Дора видела, что Тоби повернул назад. Вдруг он вскинул руки и потянулся всем телом. В этот миг он для Доры олицетворял свободу. Смотреть на это было невыносимо, и она отвернулась от окна.

Пол неотрывно смотрел на нее. Он сидел в постели с книгой в руках.

Дора с враждебностью глянула на него.

– Ужасное предание. Любишь ты рассказывать мне жуткие истории. Вроде тех гадостей Мопассана про собак, которые как-то заставил меня читать тебе вслух.

Пол не спускал с Доры глаз. Чутье говорило Доре: рассказывая ей это предание, он давал волю дотоле дремавшей в нем страсти. Дикость истории передалась ему, и он жаждал ее любви. Она смотрела на Пола, ощущая и возбуждение и омерзение.

– Поди сюда, Дора, – сказал Пол.

– Сейчас, – ответила Дора.

Отвернувшись от Пола, она взглянула на свое отражение в высоком зеркале. Босая, в одной лишь рубашке Пола с закатанными рукавами и широко распахнутым воротом. Рубашка доставала ей до бедер, оставляя открытыми длинные, стройные ноги. Дора удивленно рассматривала стоявшую перед ней особу. Она любовалась жизнью, которая так и билась в ее загорелой шее, любовалась буйством волос, прядями падавших на плечи. Она откинула назад голову и глянула в дерзкие глаза. В них был вызов. Дора стояла и смотрела на особу, которая была абсолютно незнакома Полу. Как явственно все-таки она существует. Она, Дора, и никому ее не сокрушить.
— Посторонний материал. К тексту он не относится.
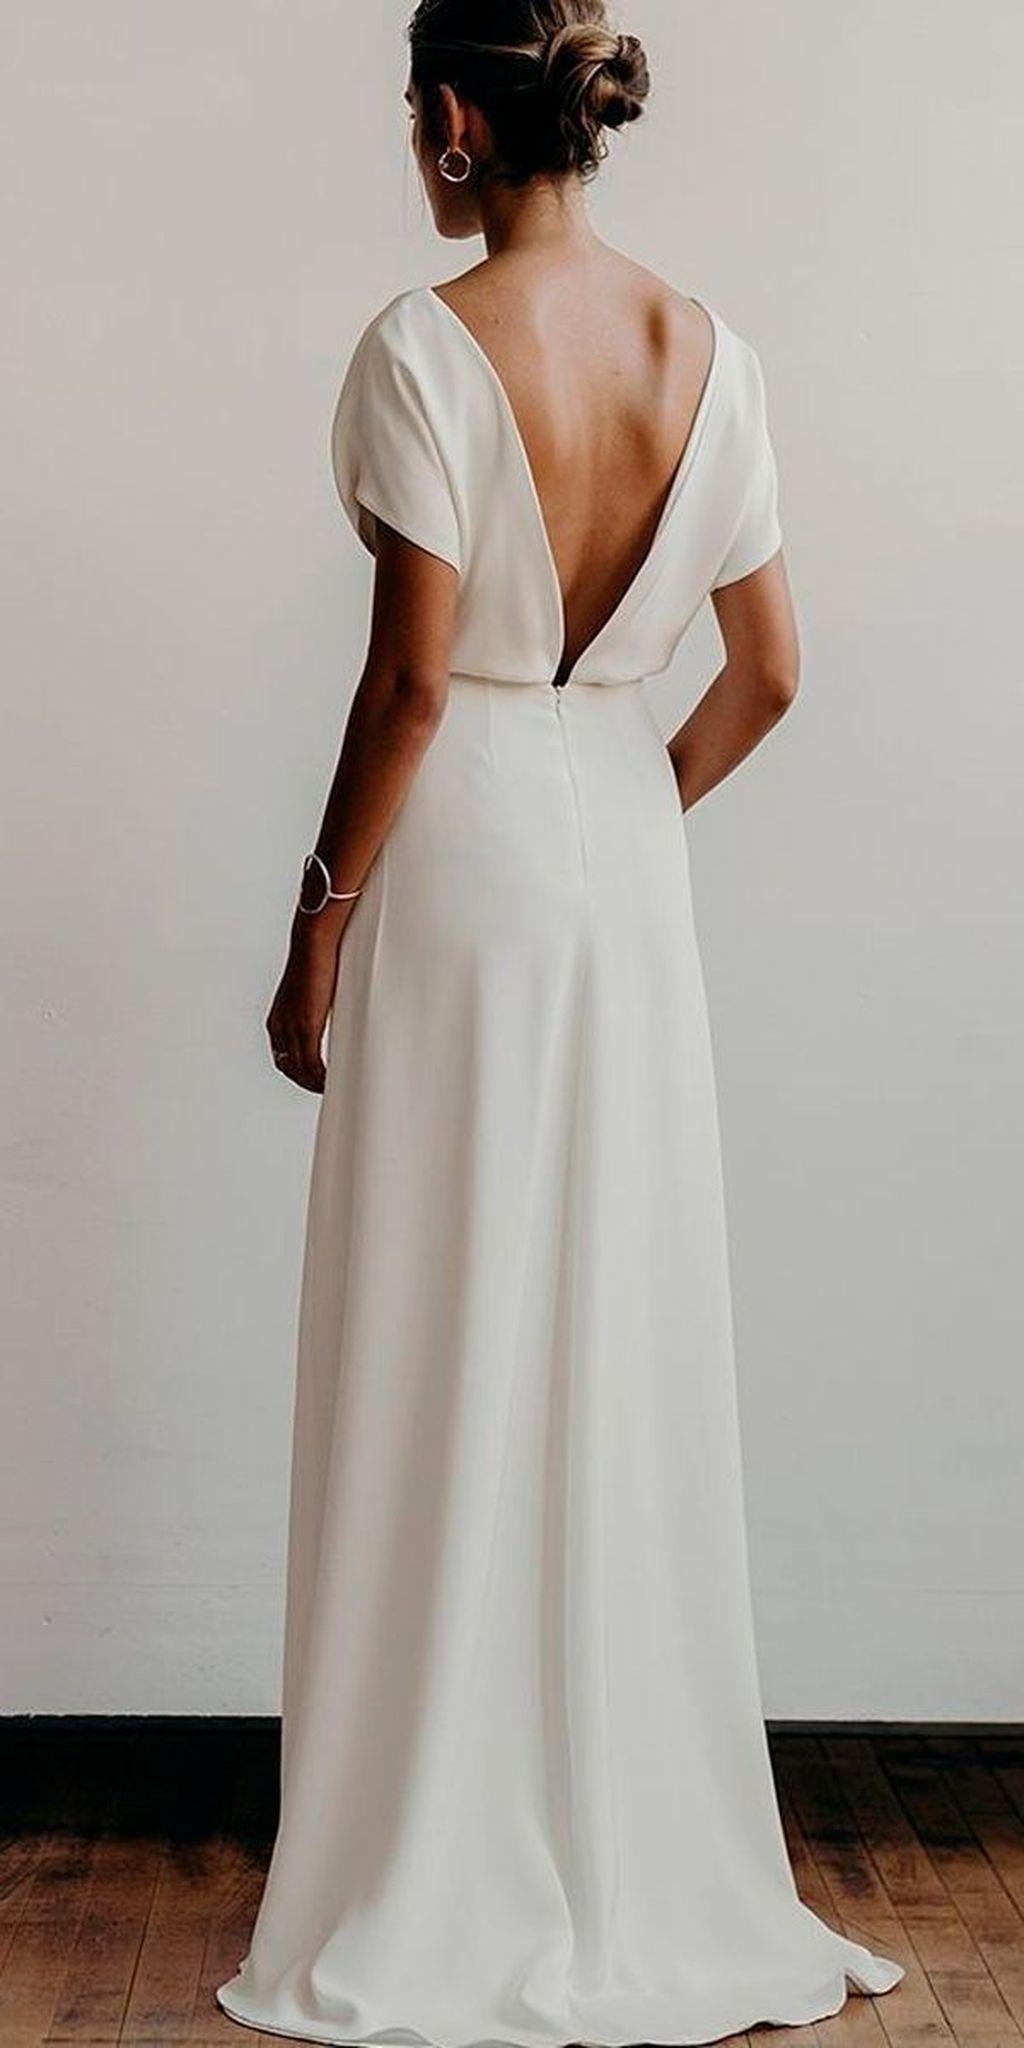 44 Lovely Beautiful Low Back Wedding Dress Wedding Dresses Simple Top Wedding Dresses Elegant Wedding Dress [ 2048 x 1024 Pixel ]

– Ну иди же, Дора, – вновь позвал Пол.

– Иду, – сказала Дора, выключила свет и прошествовала к его постели.


Глава 4

Всходила луна. Тоби Гэш, стоя почти что в воде, смотрел через озеро на стену монастыря. Позади, в большом доме, загорелись огни. Он ждал, пока его отведут туда, где он будет ночевать. С некоторым разочарованием он узнал, что жить будет не в самом Имбер-Корте, а в сторожке, с еще одним членом общины, которого пока не видел. Тоби предпочел бы остаться вместе со всеми в этом чудесном доме. Его смущала предстоящая встреча и пугала перспектива остаться один на один неизвестно с кем.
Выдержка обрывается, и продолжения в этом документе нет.